If you or someone you know is experiencing persistent sadness, anxiety, difficulty bonding with a baby, loss of interest in previously enjoyable activities, feelings of guilt or worthlessness, or thoughts of self-harm during pregnancy or the postpartum period, seeking professional evaluation is strongly encouraged. These experiences are common — perinatal depression affects an estimated 10–20% of birthing individuals — and they are treatable.

A healthcare provider can conduct a thorough evaluation, which may include the EPDS along with other assessment methods, to determine whether patterns are consistent with perinatal depression or another condition and to develop an appropriate care plan.

If you are having thoughts of harming yourself or your baby, this is a mental health emergency.
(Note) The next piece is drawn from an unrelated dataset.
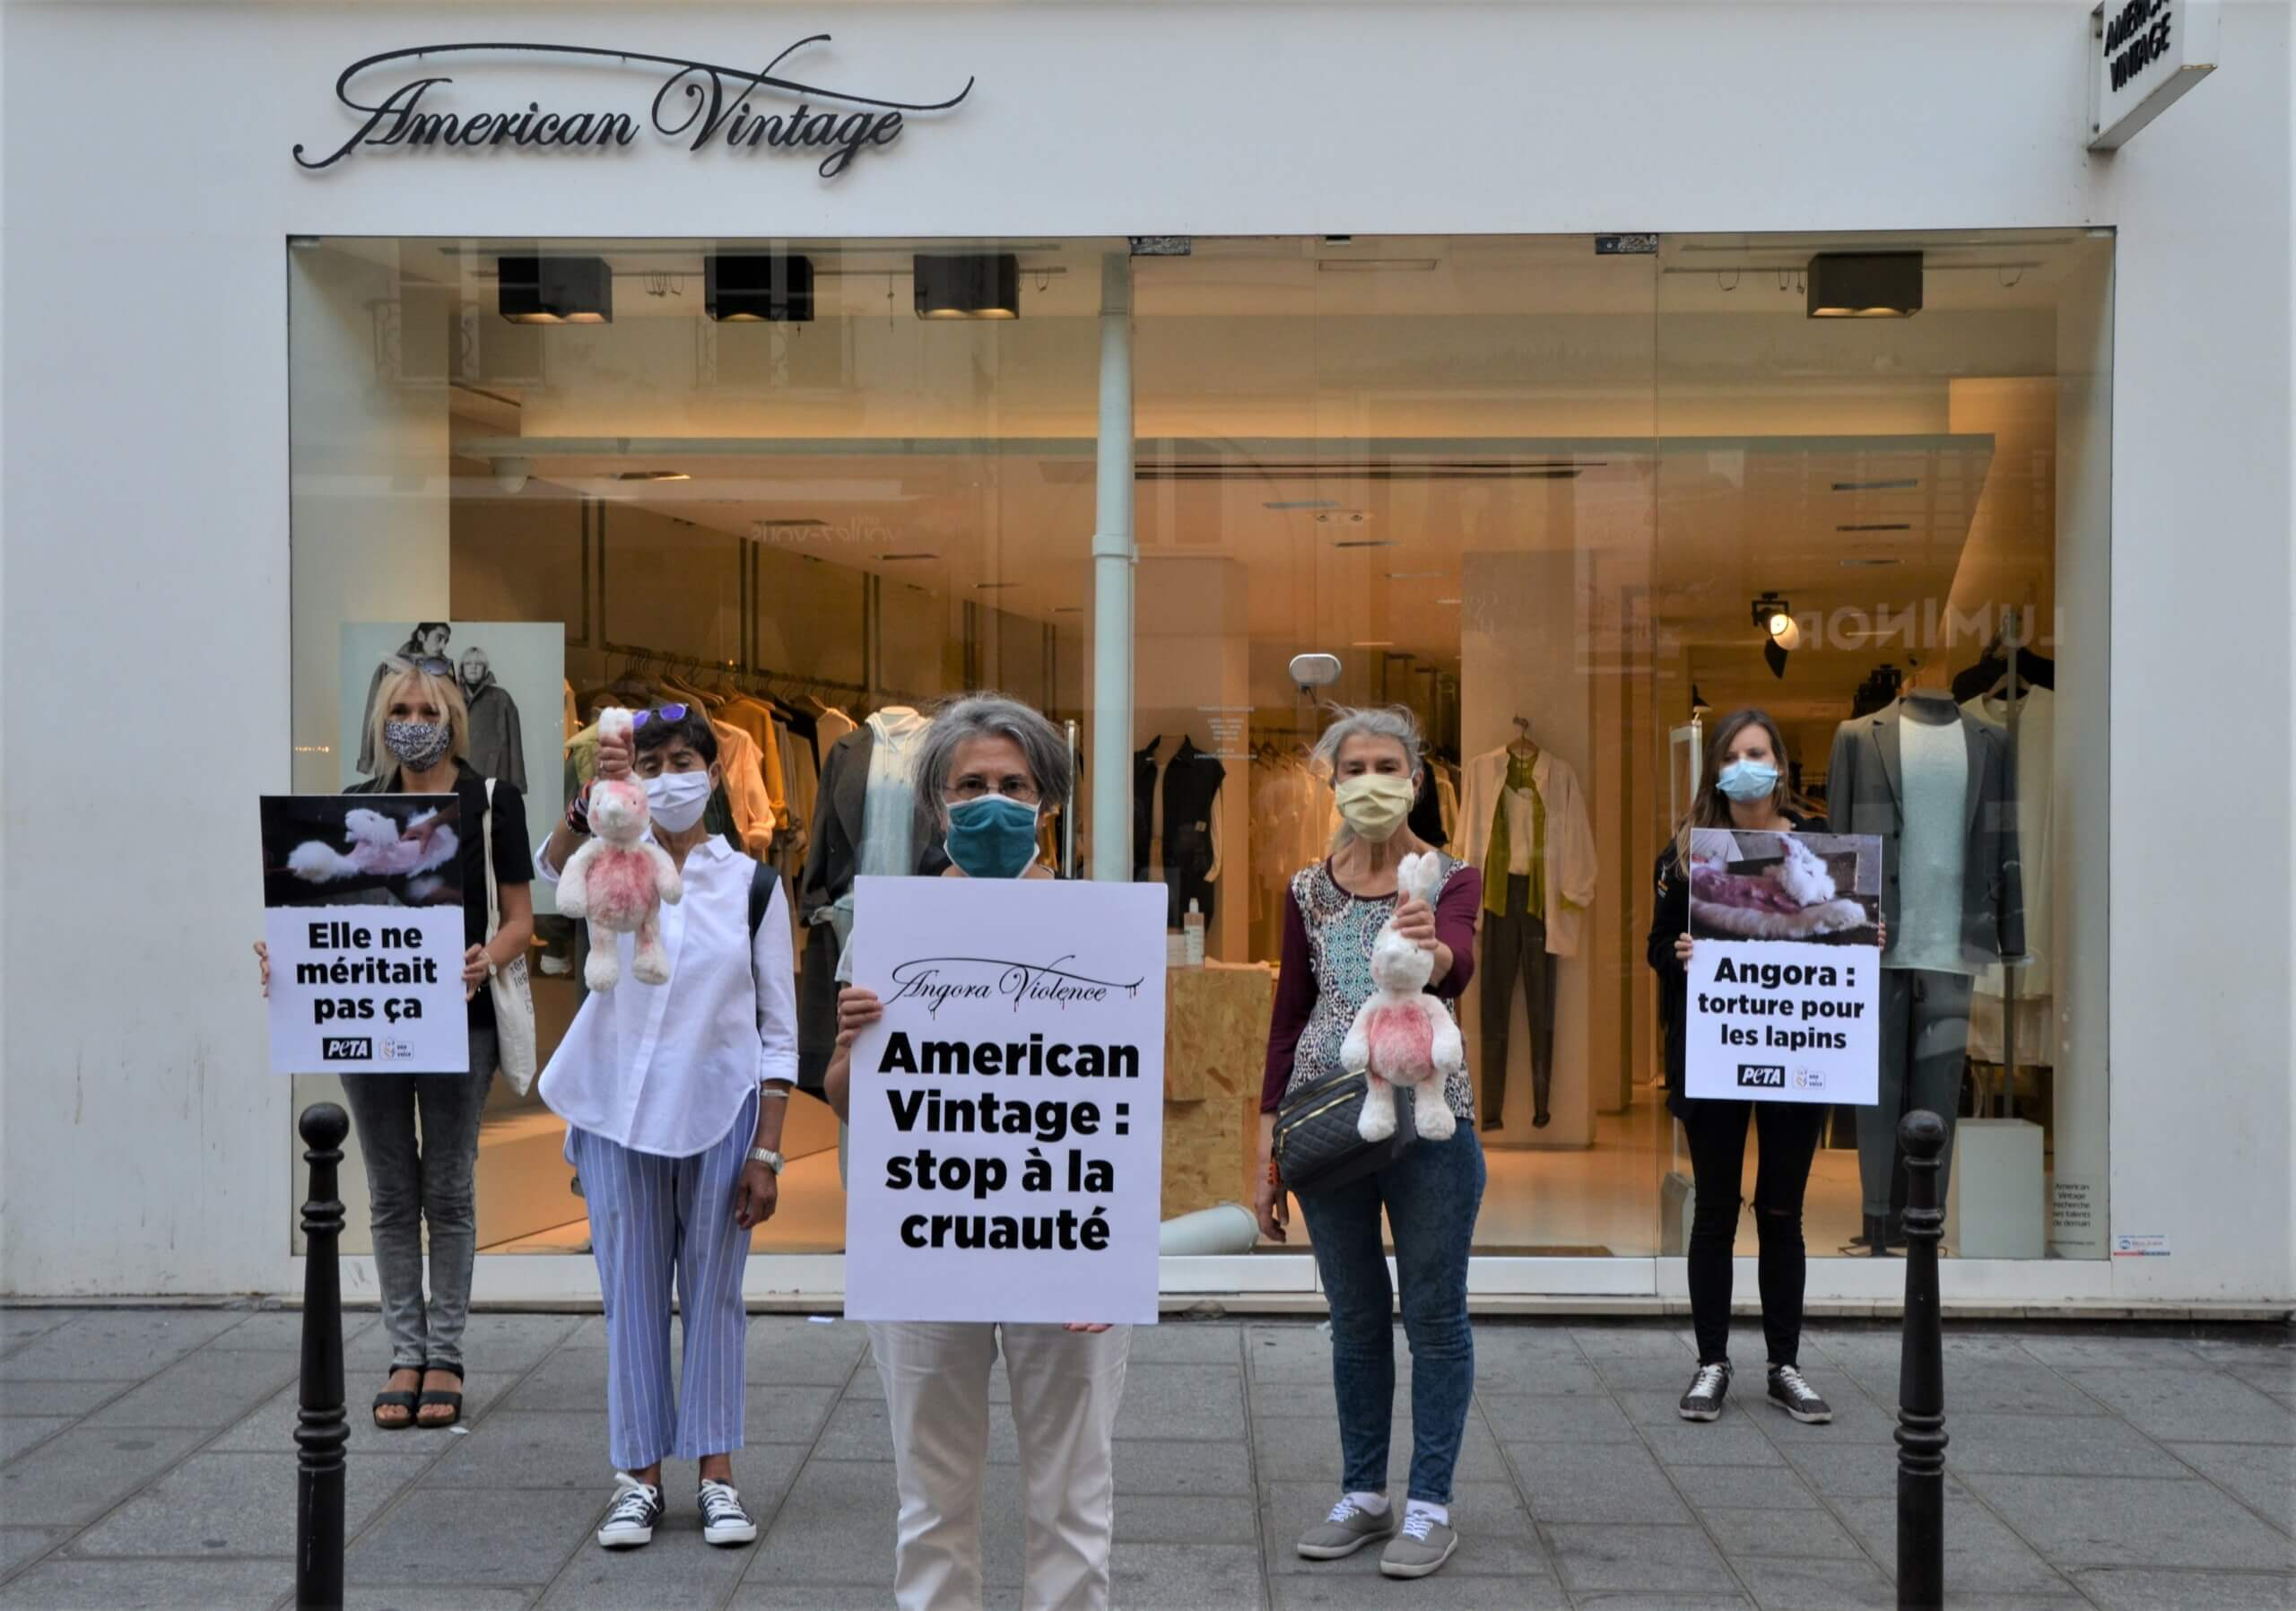 Journée d'action ! Des militants du monde entier appellent American Vintage à cesser l'angora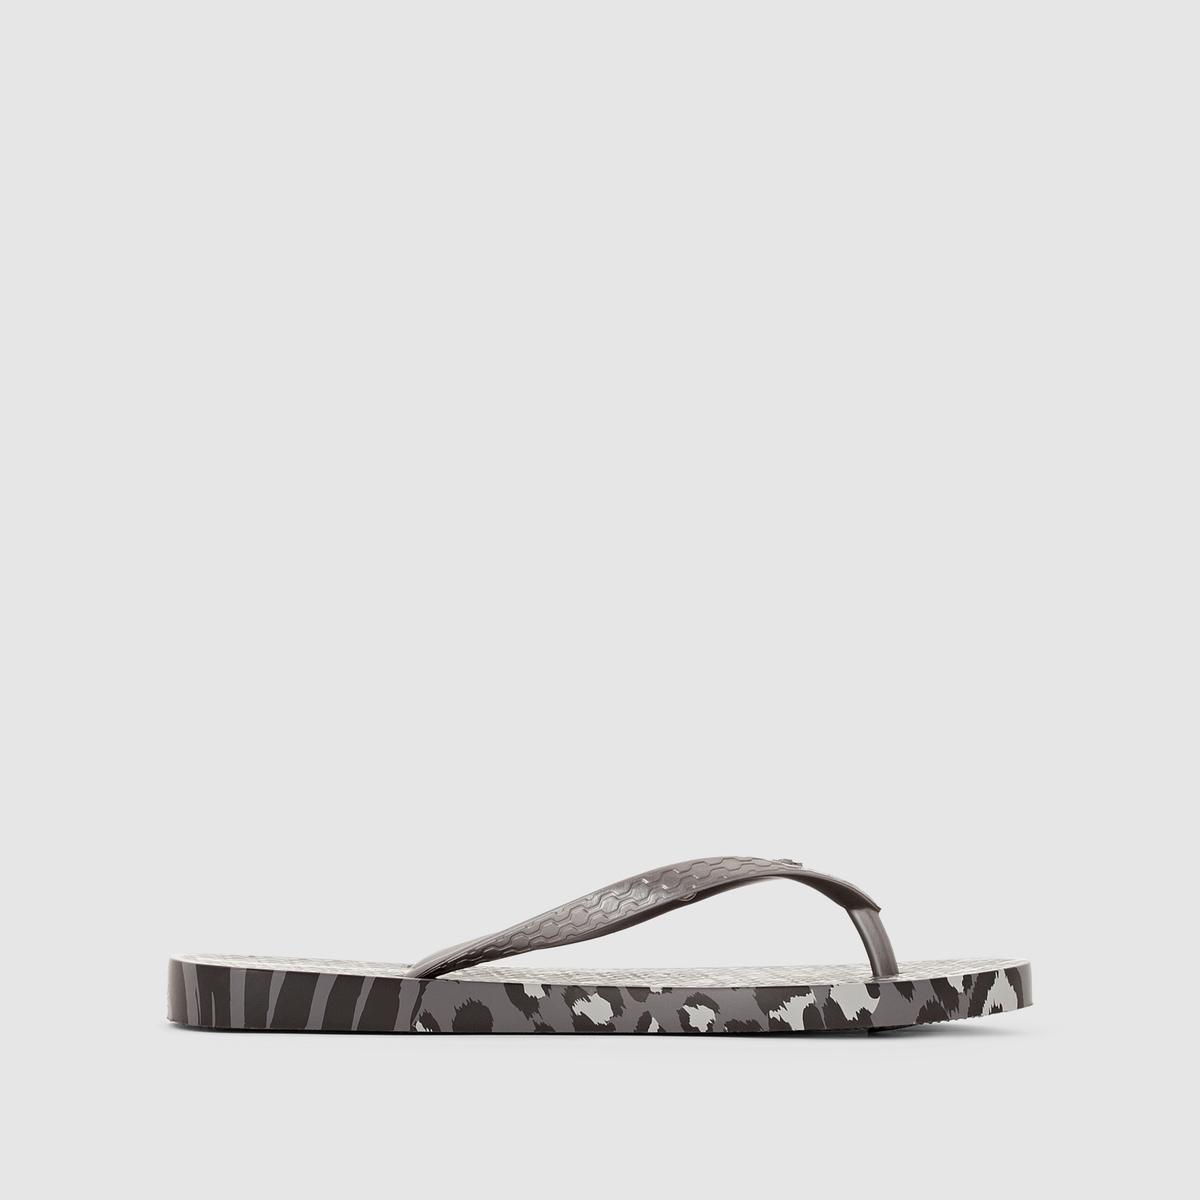 Вьетнамки Animal Print II FemВерх/Голенище : каучук   Стелька : каучук   Подошва : каучук   Форма каблука : плоский каблук   Мысок : открытый мысок   Застежка : без застежки<br><br>Цвет: рисунок леопард/черный<br>Размер: 38

Contact the 988 Suicide & Crisis Lifeline (call or text 988 in the United States), the Crisis Text Line (text HOME to 741741), the Postpartum Support International HelpLine (1-800-944-4773), or go to your nearest emergency department. You do not need to wait for a screening score to seek help.

Perinatal mood and anxiety disorders are among the most common complications of pregnancy and childbirth. Early identification through tools like the EPDS, combined with appropriate clinical follow-up, significantly improves outcomes for both the parent and the child.